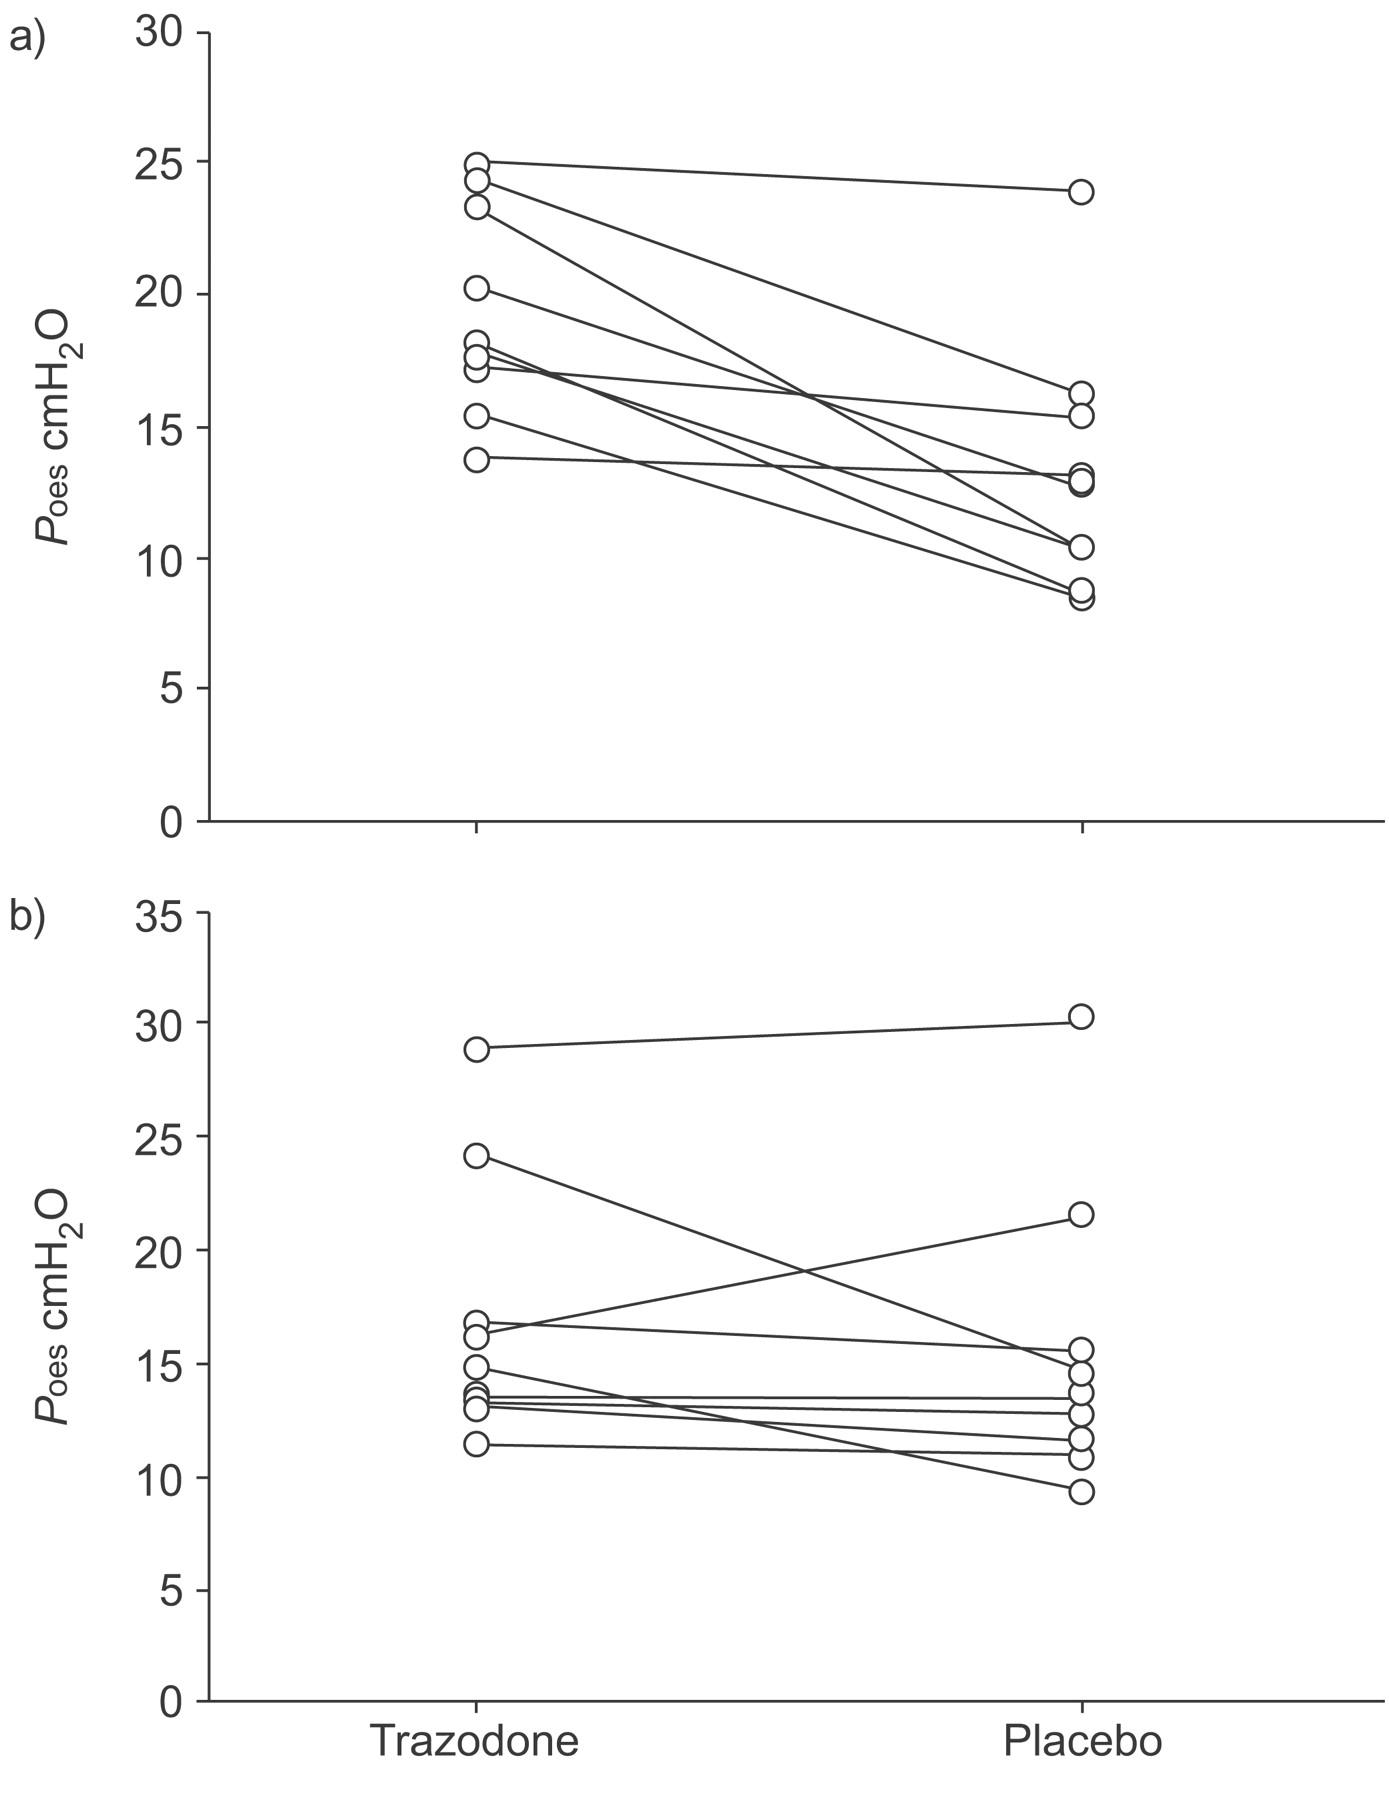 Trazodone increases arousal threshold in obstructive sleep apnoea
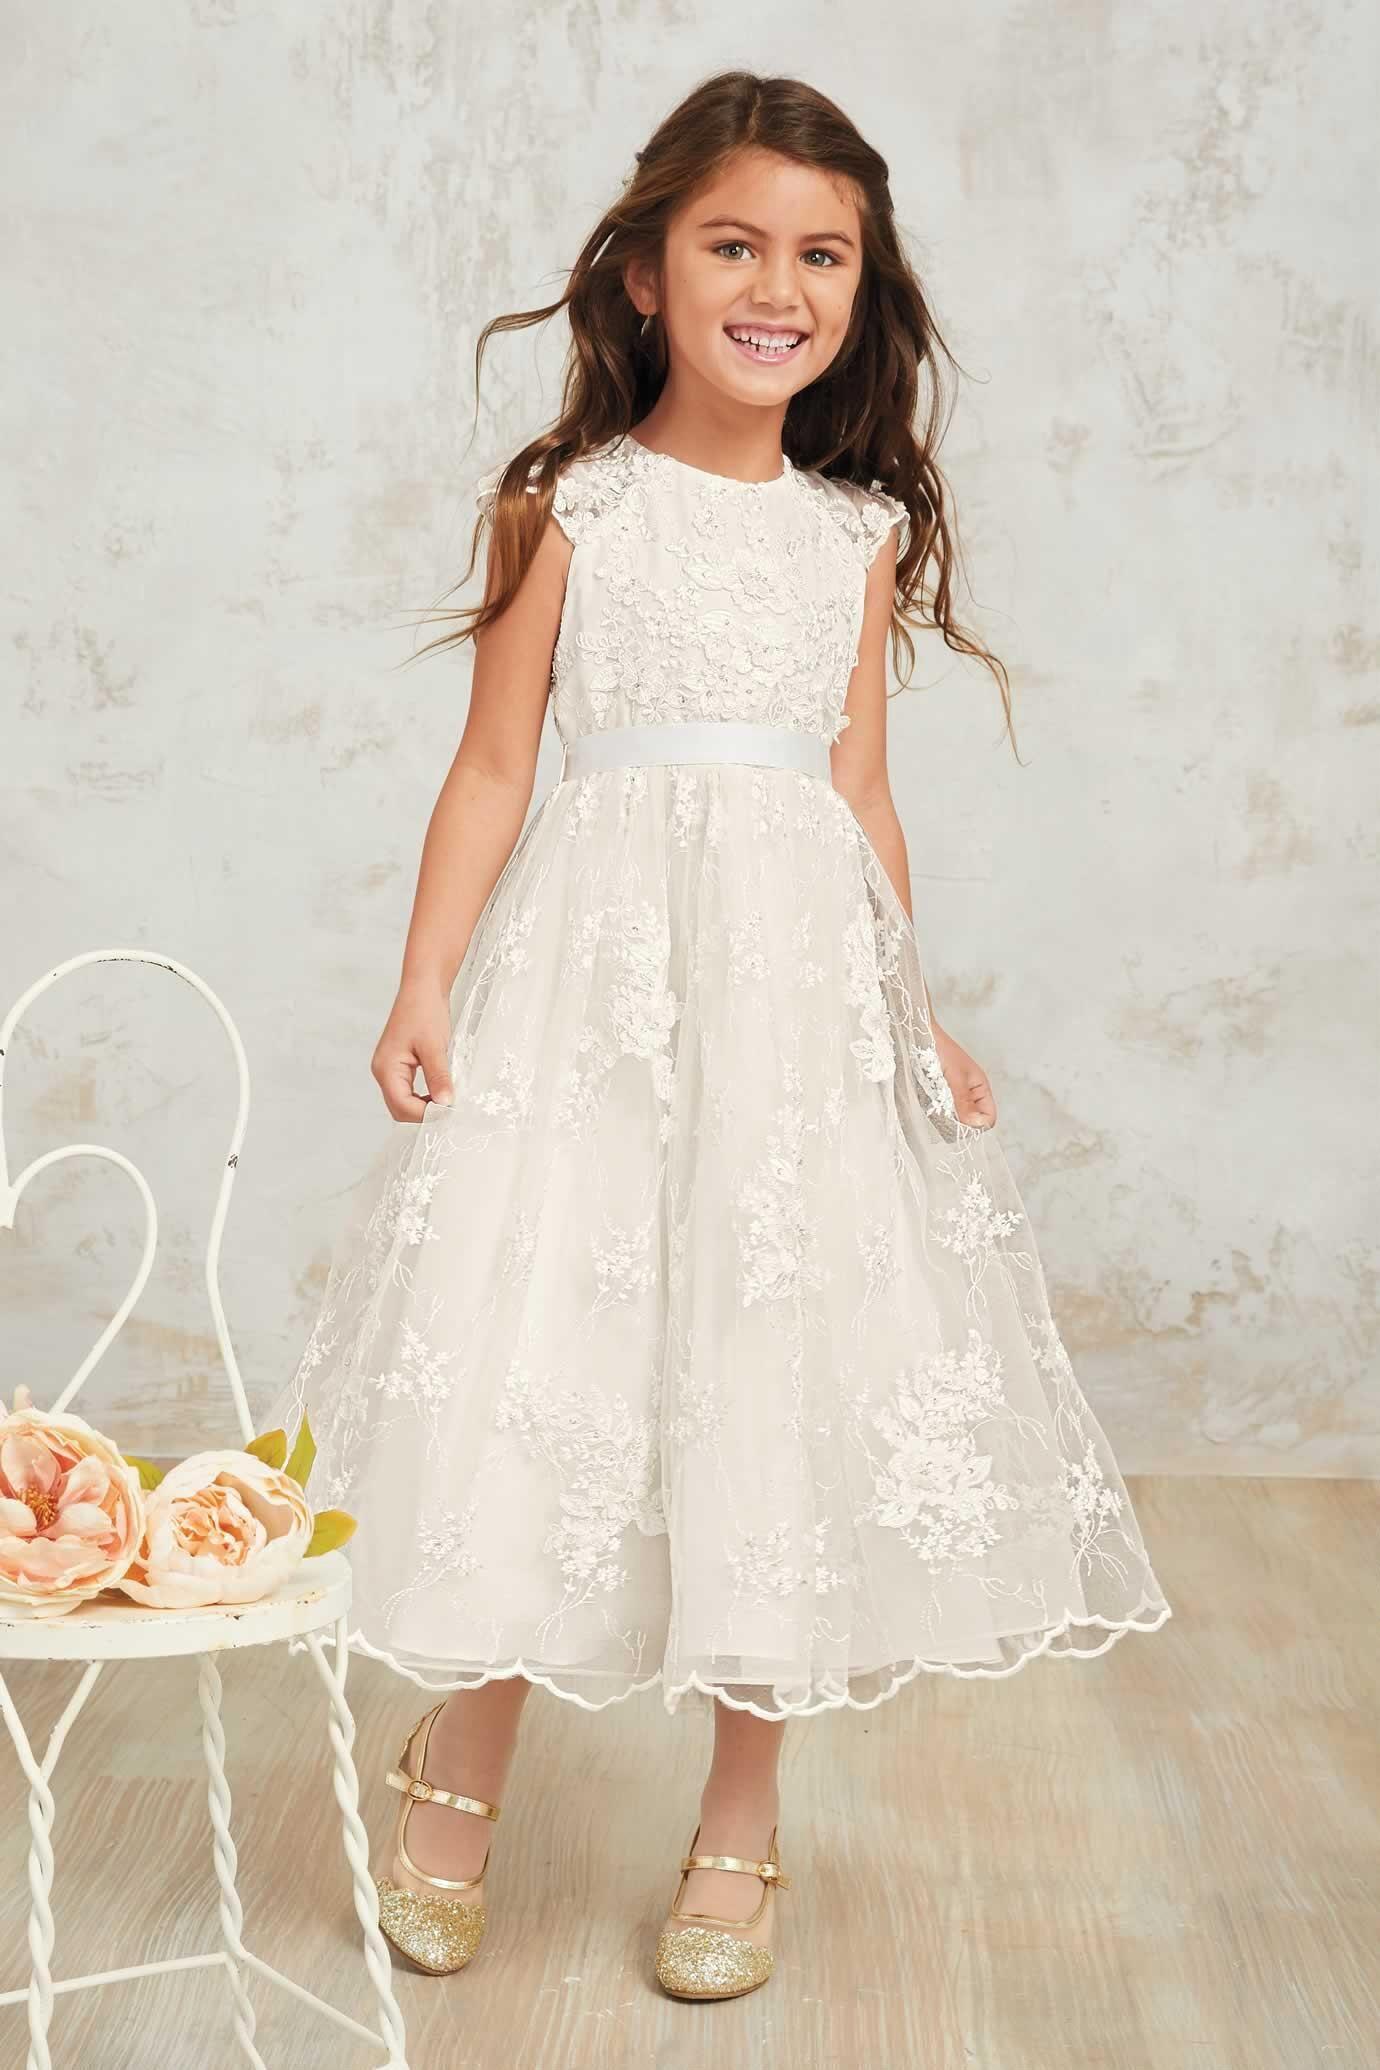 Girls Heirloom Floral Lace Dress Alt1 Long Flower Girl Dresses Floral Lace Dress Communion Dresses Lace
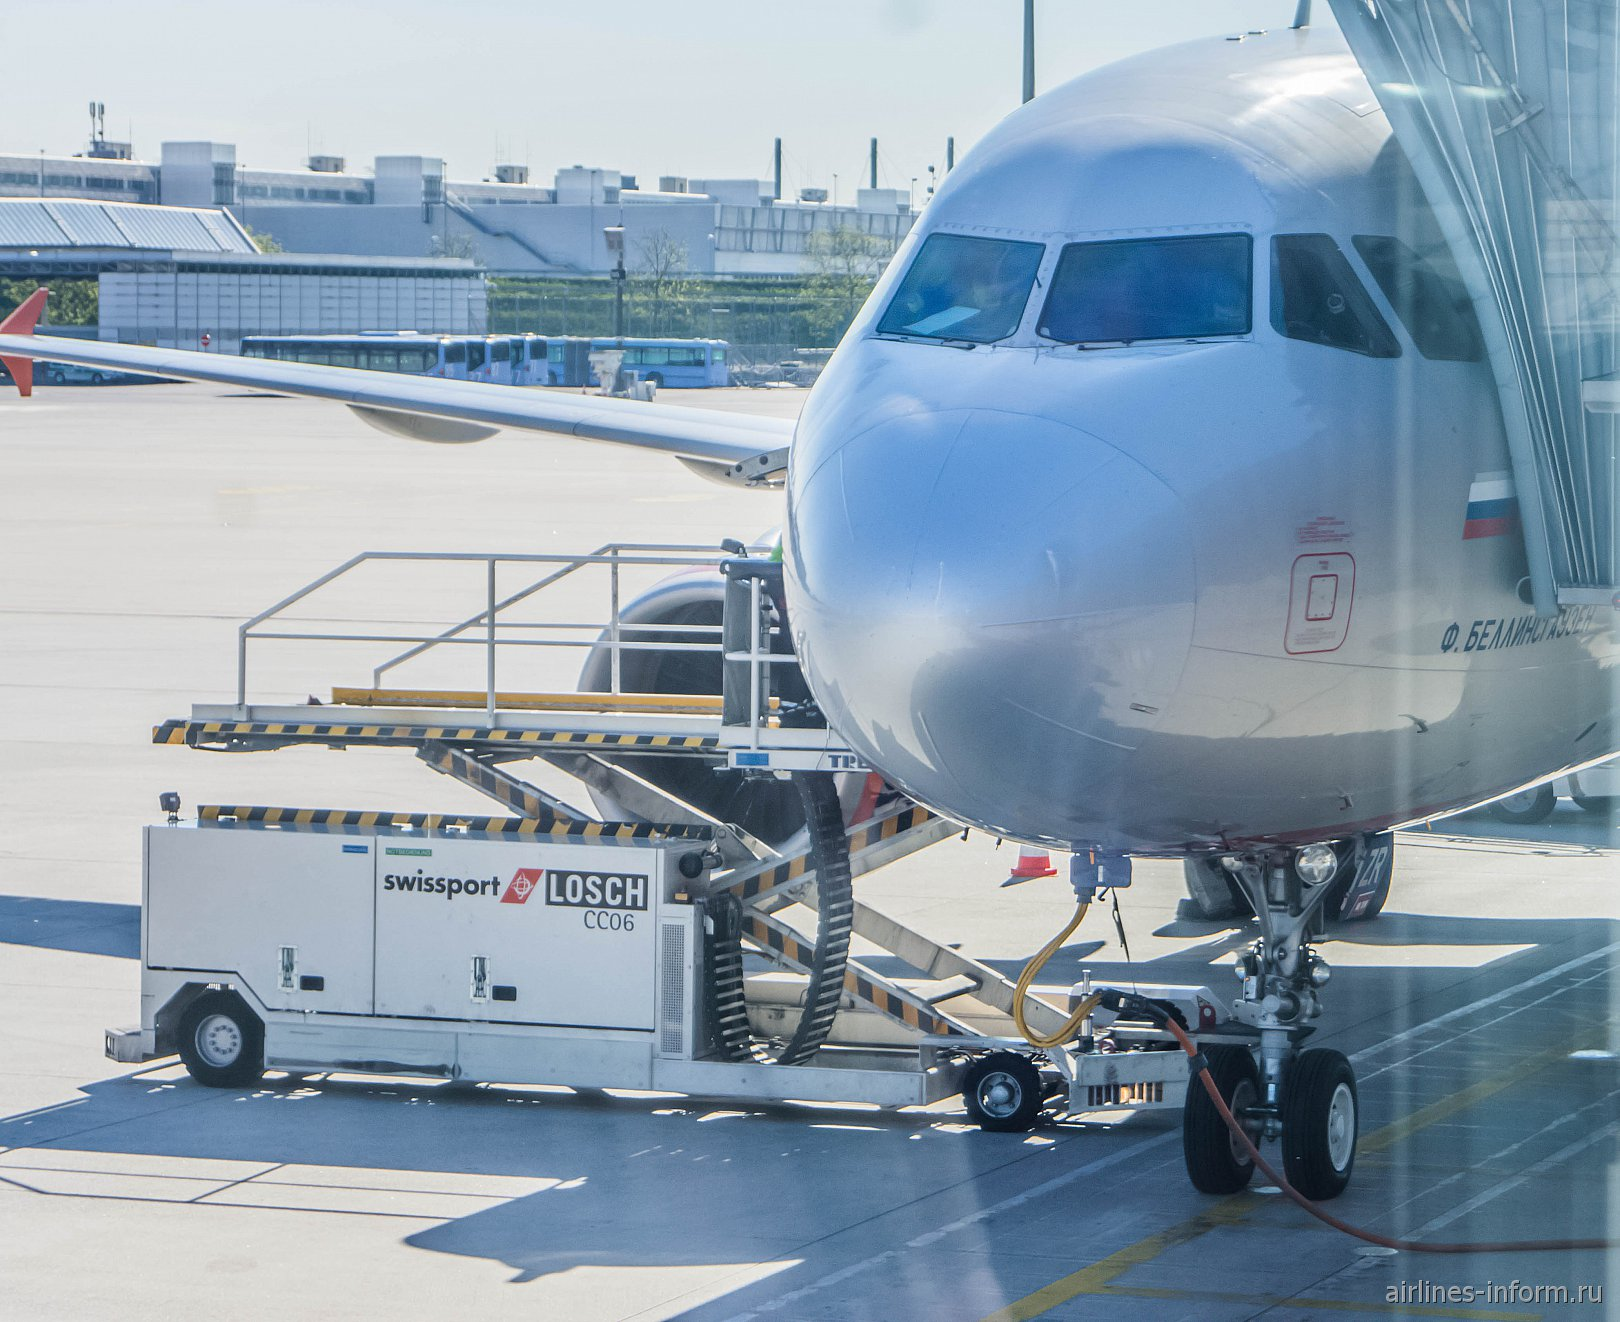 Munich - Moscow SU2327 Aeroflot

▶ [Task instructions]
Using the material above, return every line exactly as it appears, minus the pictures.

▶ [Reply to the exercise]
 Trazodone increases arousal threshold in obstructive sleep apnoea
 Girls Heirloom Floral Lace Dress Alt1 Long Flower Girl Dresses Floral Lace Dress Communion Dresses Lace
 Munich - Moscow SU2327 Aeroflot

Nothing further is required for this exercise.